Any calculation you can set up with a bare POPPY OpticalSystem can be wrapped with an Instrument to present a friendlier API to end users. The Instrument will hold the selected instrument configuration and calculation options, passing them to a private method _getOpticalSystem() which implementors must override to build the OpticalSystem for the PSF calculation.

The general notion of an Instrument is that it consists of both

  1. An optical system implemented in the usual fashion, optionally with several configurations such as selectable image plane or pupil plane stops or other adjustable properties, and

  2. Some defined spectral bandpass(es) such as selectable filters. If the synphot module is available, it will be used to perform careful synthetic photometry of targets with a given spectrum observed in the given bandpass. If synphot is not installed, the code will fall back to a much simpler model assuming constant number of counts vs wavelength.

Configurable options such as optical masks and filters are specified as properties of the instrument instance; an appropriate OpticalSystem will be generated when the calc_psf() method is called.

The Instrument is fairly complex, and has a lot of internal submethods used to modularize the calculation and allow subclassing and customization. For developing your own instrument classes, it may be useful to start with the instrument classes in WebbPSF as worked examples.
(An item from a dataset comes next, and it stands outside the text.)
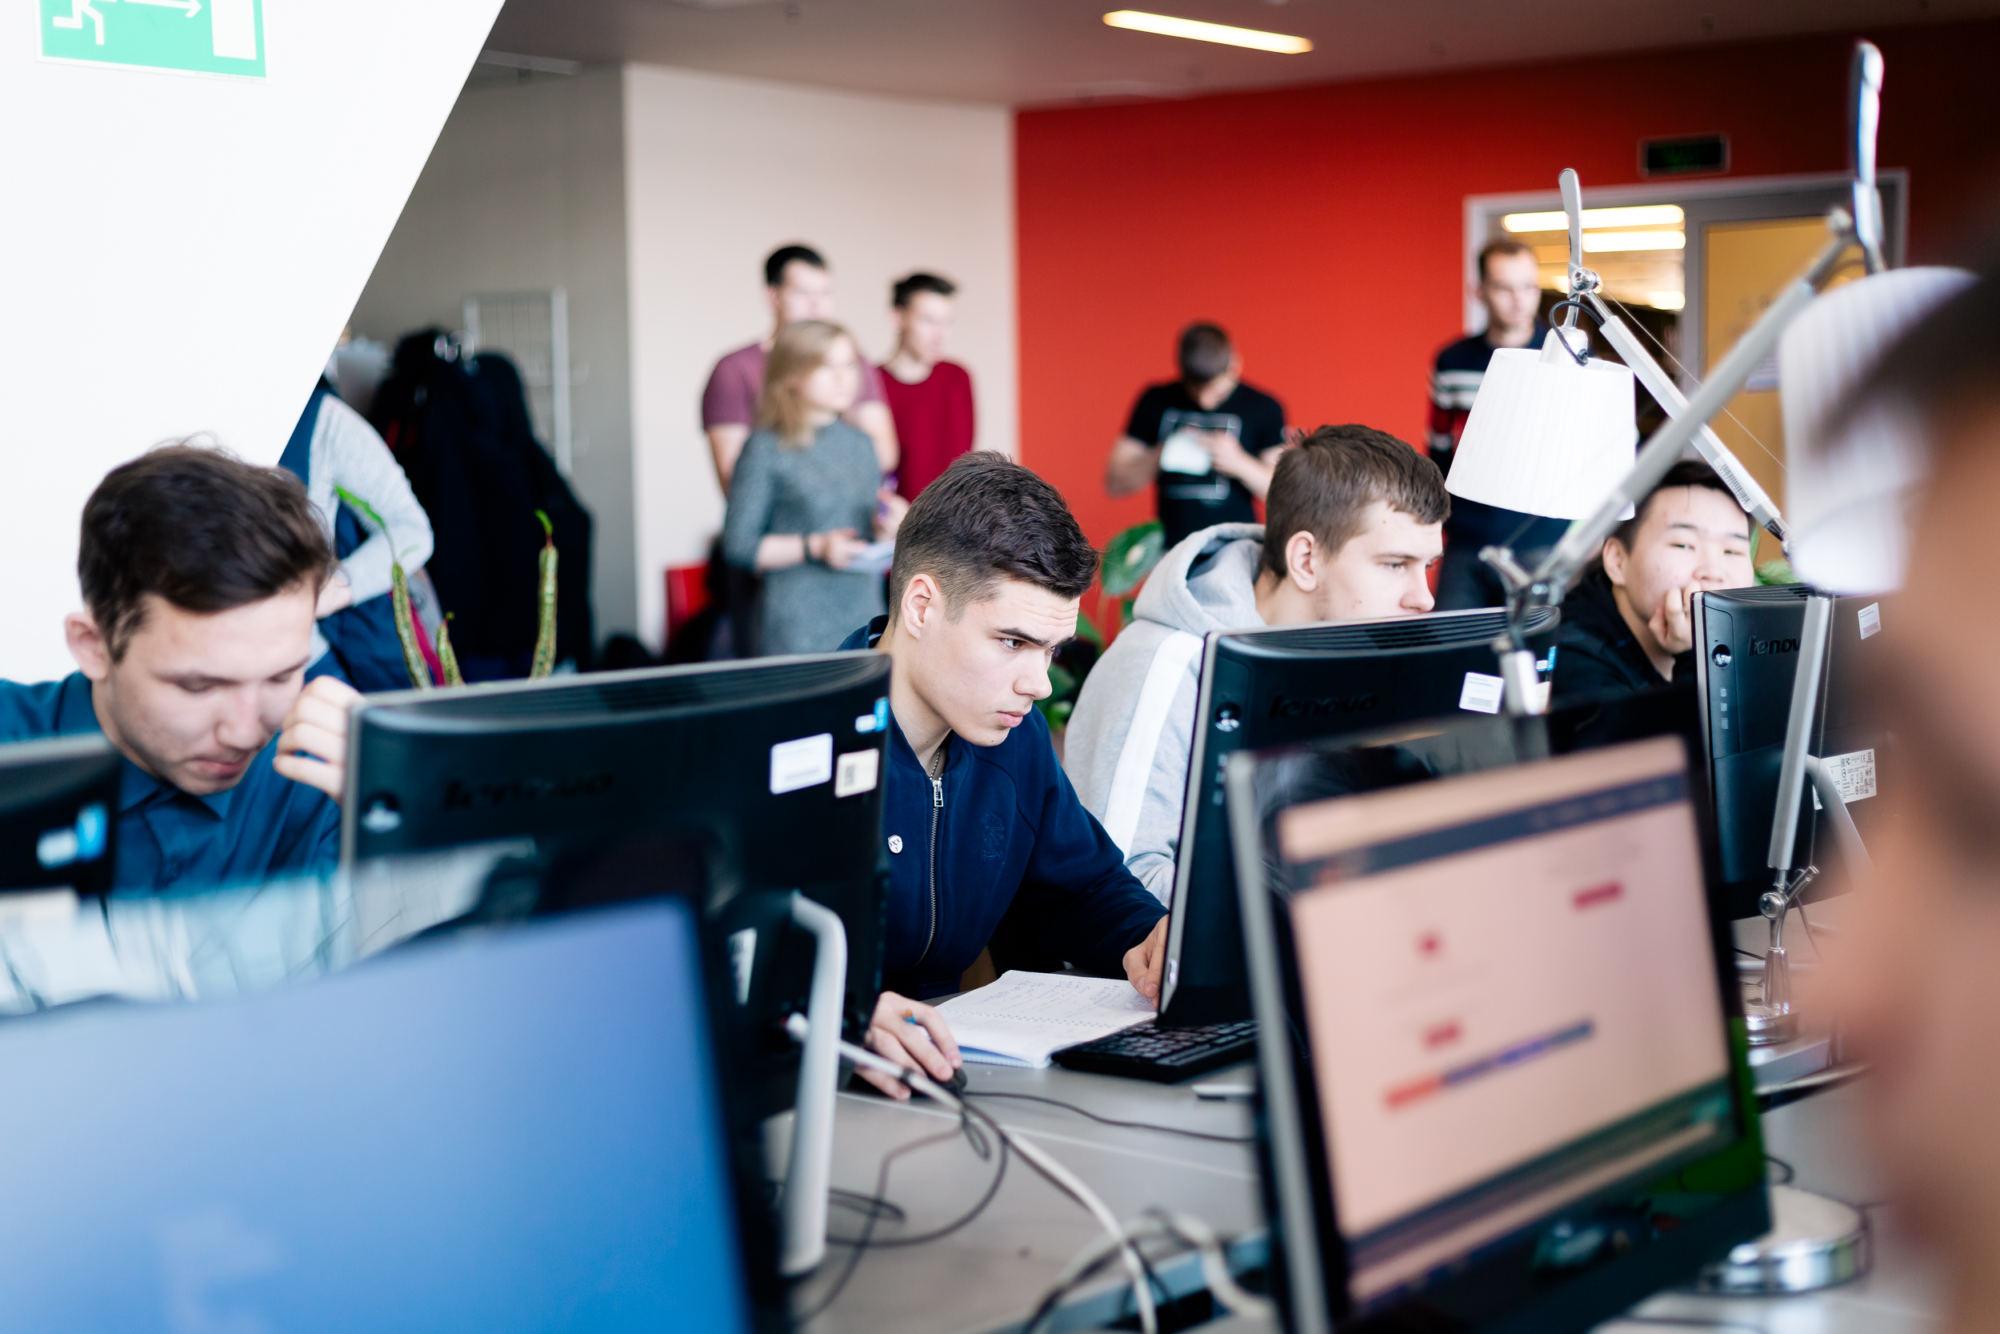 ШЦЭ проведет для гуманитариев мастер-классы по работе с VR и искусственным интеллектом
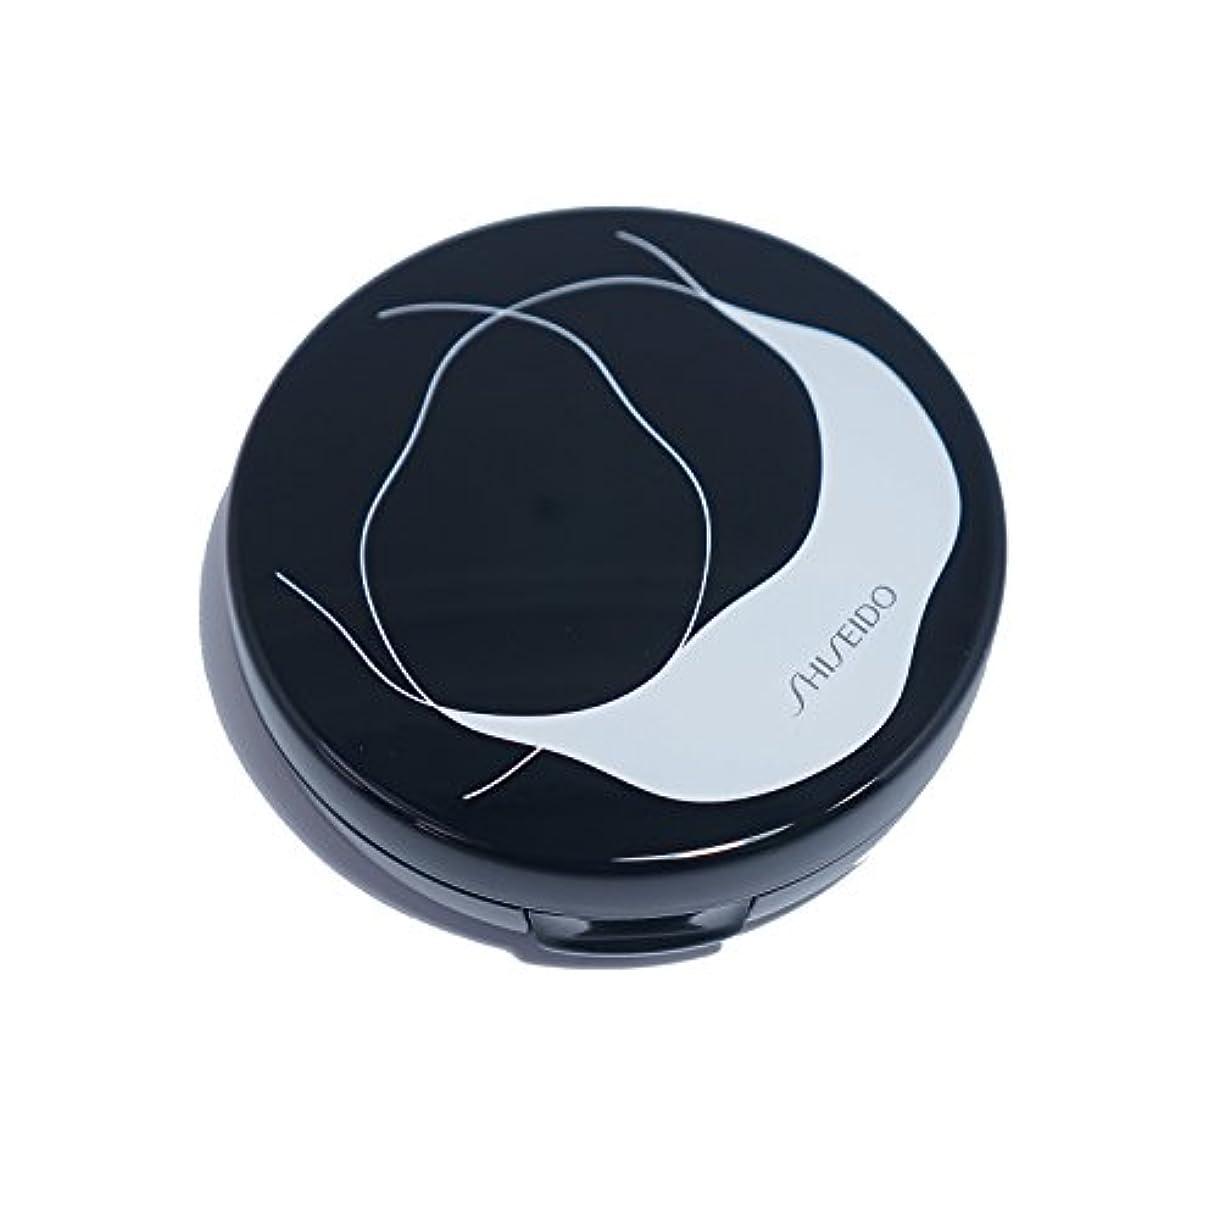 髄お手入れ最大SHISEIDO 資生堂 シンクロスキン グロー クッションコンパクト オークル10 レフィル&ケースのセット 国内正規品

You will at a minimum want to override the following class methods:

  • _getOpticalSystem

  • _getFilterList

  • _getDefaultNLambda

  • _getDefaultFOV

  • _getFITSHeader

For more complicated systems you may also want to override:

  • _validateConfig

  • _getSynphotBandpass

  • _applyJitter

An Instrument will get its configuration from three places:

  1. The __init__ method of the Instrument subclass

    During __init__, the subclass can set important attributes like pixelscale, add a custom pupil optic and OPD map, and set a default filter. (n.b. The current implementation may not do what you expect if you are accustomed to calling the superclass’ __init__ at the end of your subclass’ __init__ method. Look at the implementation in poppy/instrument.py for guidance.)

  2. The options dictionary attribute on the Instrument subclass

    The options dictionary allows you to set a subset of options that are loosely considered to be independent of the instrument configuration (e.g. filter wheels) and of the particular calculation. This includes offsetting the source from the center of the FOV, shifting the pupil, applying jitter to the final image, or forcing the parity of the final output array.

    Users are free to introduce new options by documenting an option name and retrieving the value at an appropriate point in their implementation of _getOpticalSystem() (to which the options dictionary is passed as keyword argument options).

  3. The calc_psf() method of the Instrument subclass

    For interoperability, it’s not recommended to change the function signature of calc_psf(). However, it is an additional way that users will pass configuration information into the calculation, and a starting point for more involved customization that cannot be achieved by overriding one of the private methods above.

Be warned that the poppy.Instrument API evolved in tandem with WebbPSF, and certain things are subject to change as we extend it to use cases beyond the requirements of WebbPSF.